Bendemeer (/'bɛndə,mɪər/; 明地迷亚, பென்ட்டிமியிர்) is a subzone within the planning area of Kallang, Singapore, as defined by the Urban Redevelopment Authority (URA). Its boundary is made up of the Pan Island Expressway (PIE) in the north; Serangoon Road, the Kallang River, Sungei Whampoa, and Bendemeer Road in the east; Lavender Street and Balestier Road in the south; and the Central Expressway (CTE) in the west.

Bendemeer is primarily residential, compromising both public housing built by the Housing and Development Board (HDB) and private housing.
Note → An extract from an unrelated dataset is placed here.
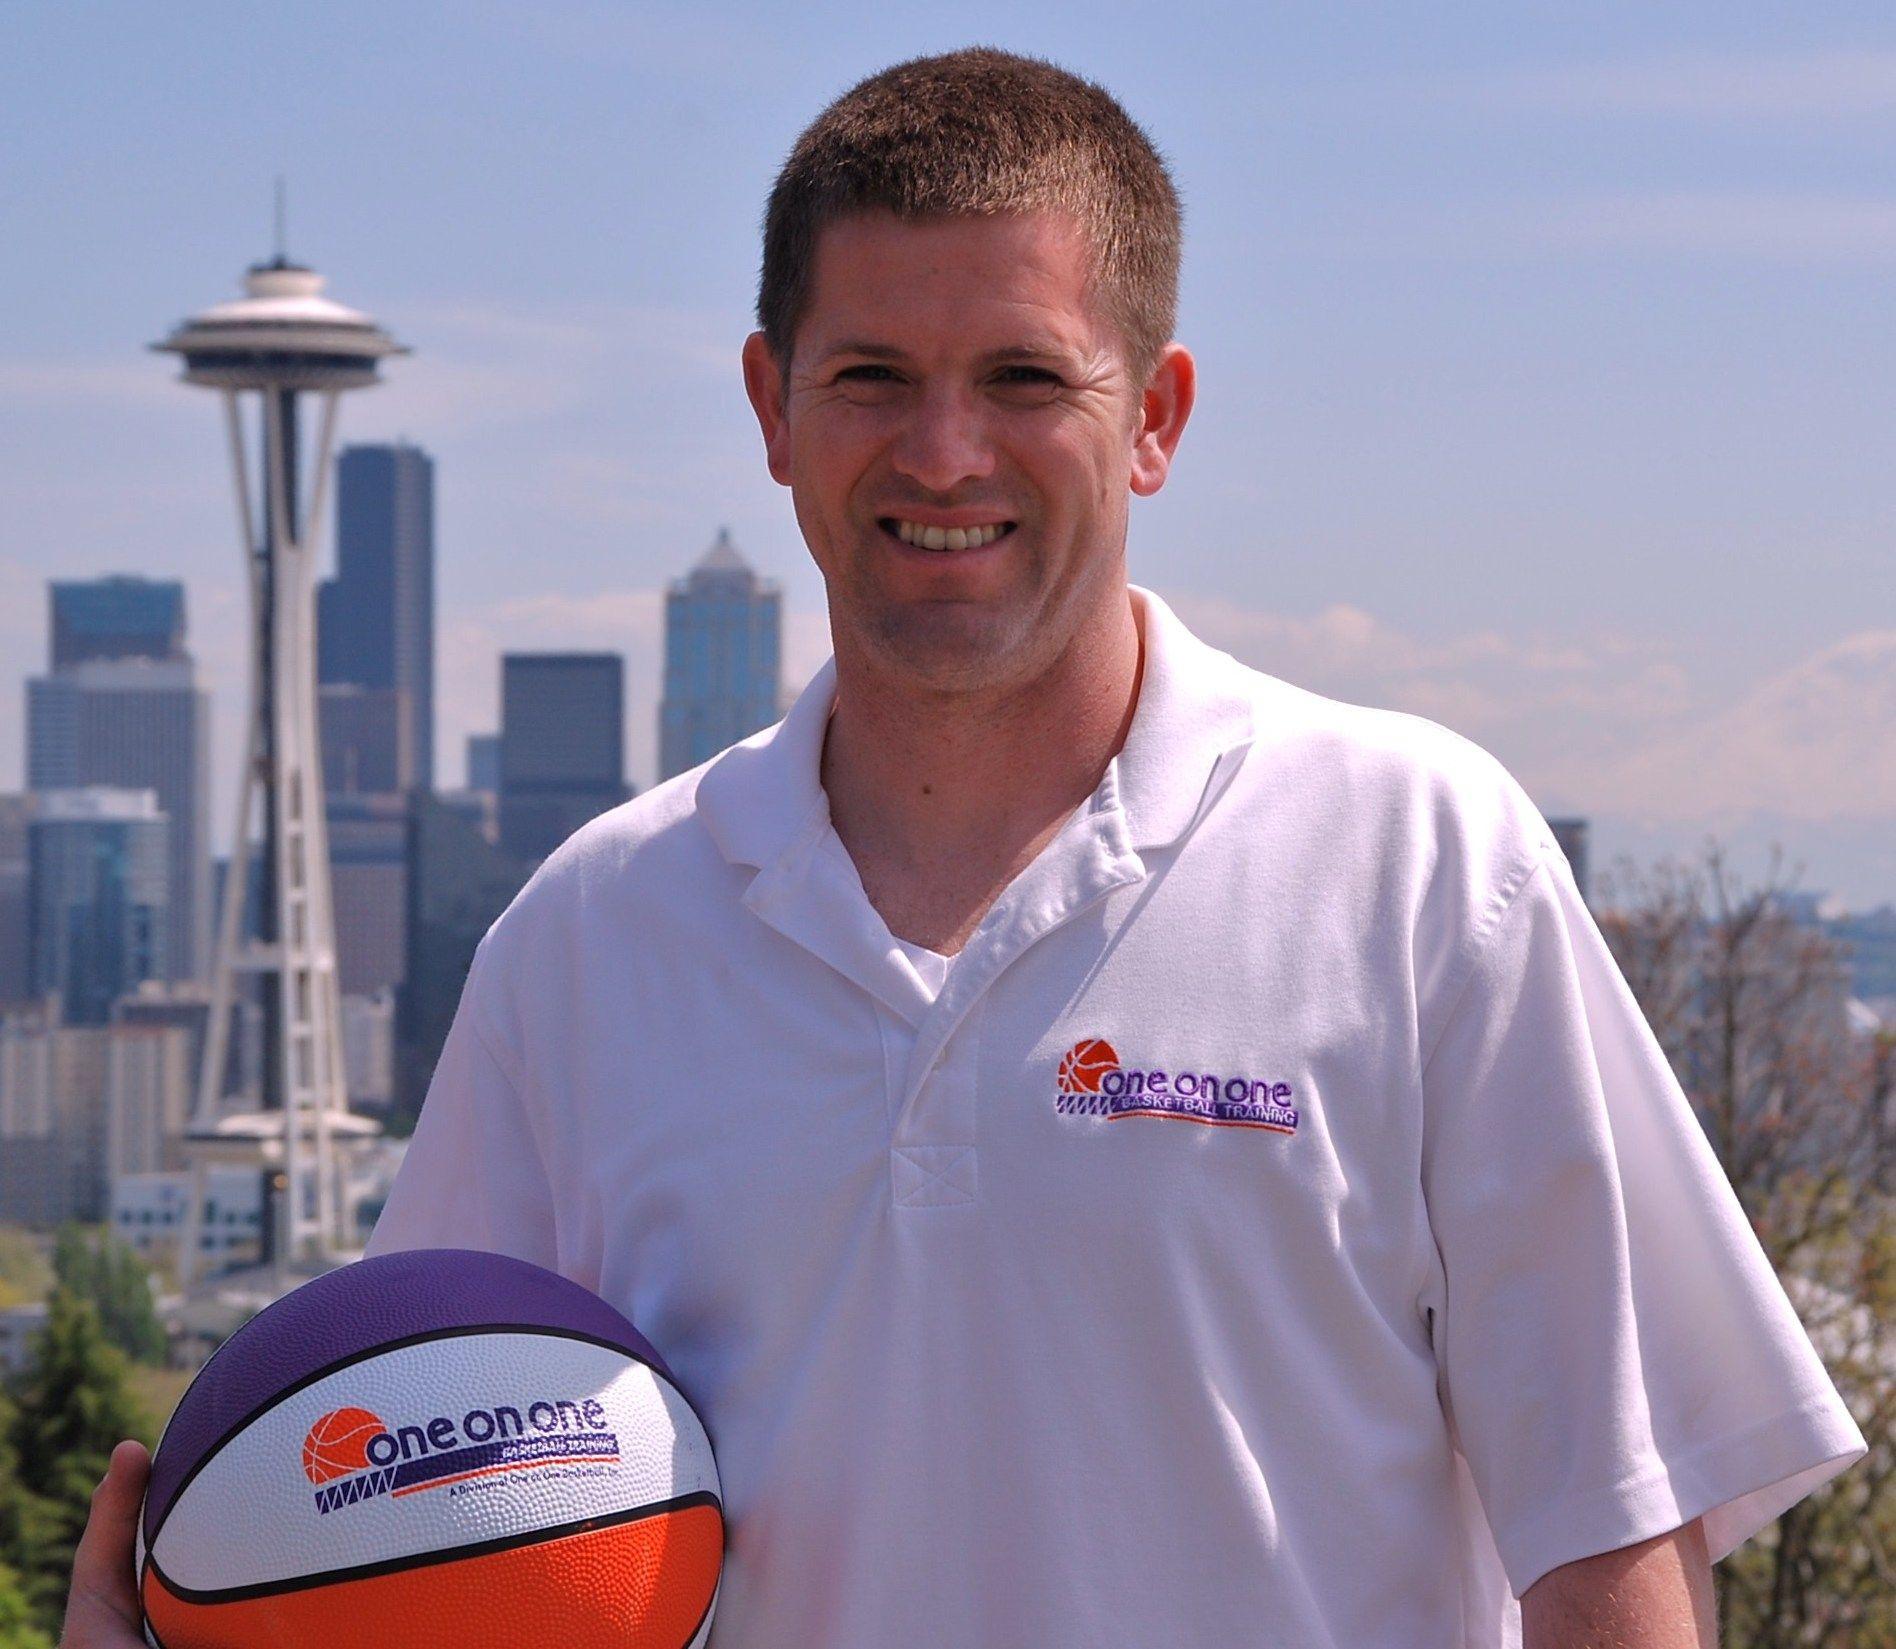 1on1 Basketball Seattle Washington Basketball Training Basketball Camps Basketball Club Teams P In 2020 Youth Basketball Basketball Camp Basketball Training
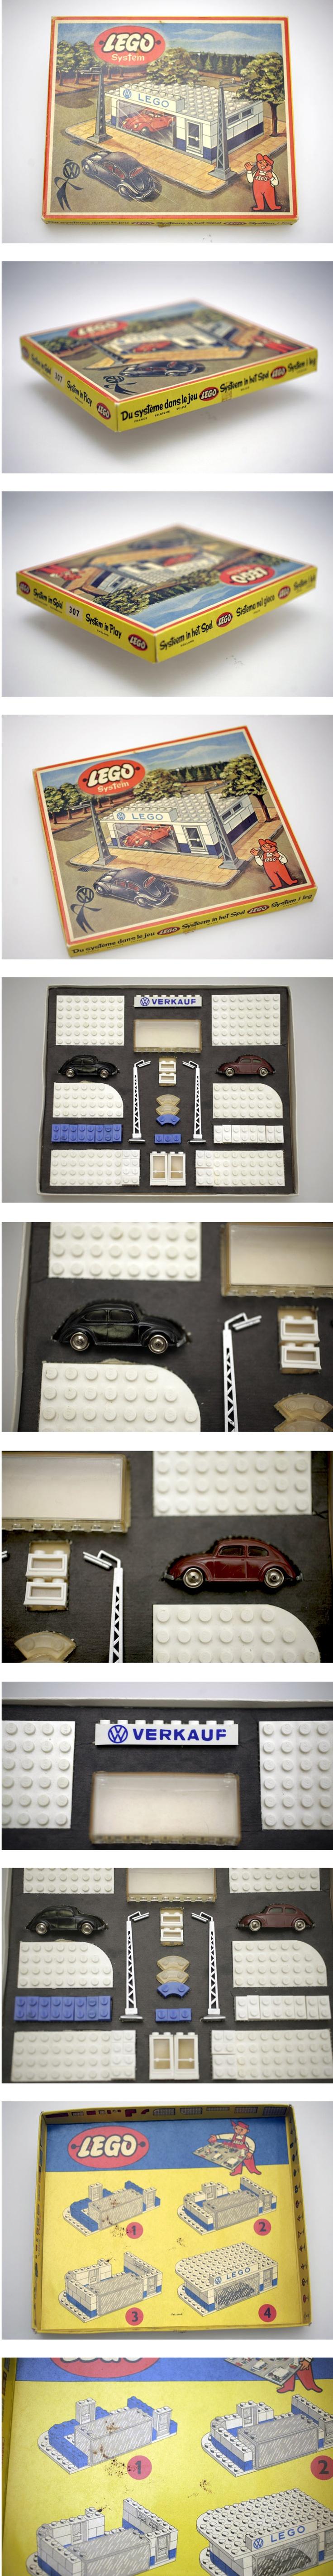 "LEGO SET 307 ""VW VERKAUF"" von 1958 FOR SALE NOW on EBAY.DE  Lego envy"

Educational institutions within this subzone include Hong Wen School, Bendemeer Primary School, Bendemeer Secondary School, and Northlight School.

Based on historical map evidence provided by NUS, the road in its present form was constructed sometime between 1966 and 1969, similar to the construction of Orchard Boulevard to alleviate the traffic congestion along Serangoon Road.

== Amenities ==

=== Medical facilities ===

- Kallang Polyclinic
- Kwong Wai Shiu Hospital

=== Places of worship ===

- Sri Lankaramaya Buddhist Temple
- Central Sikh Temple

==== Community club ====

- Kallang Community Club

=== Civil services ===

- Kallang Neighbourhood Police Post
- Boon Keng Fire Post,

== Notable places ==

- 34 Whampoa West

== Transportation ==
The Bendemeer MRT station along the Downtown line serves the area.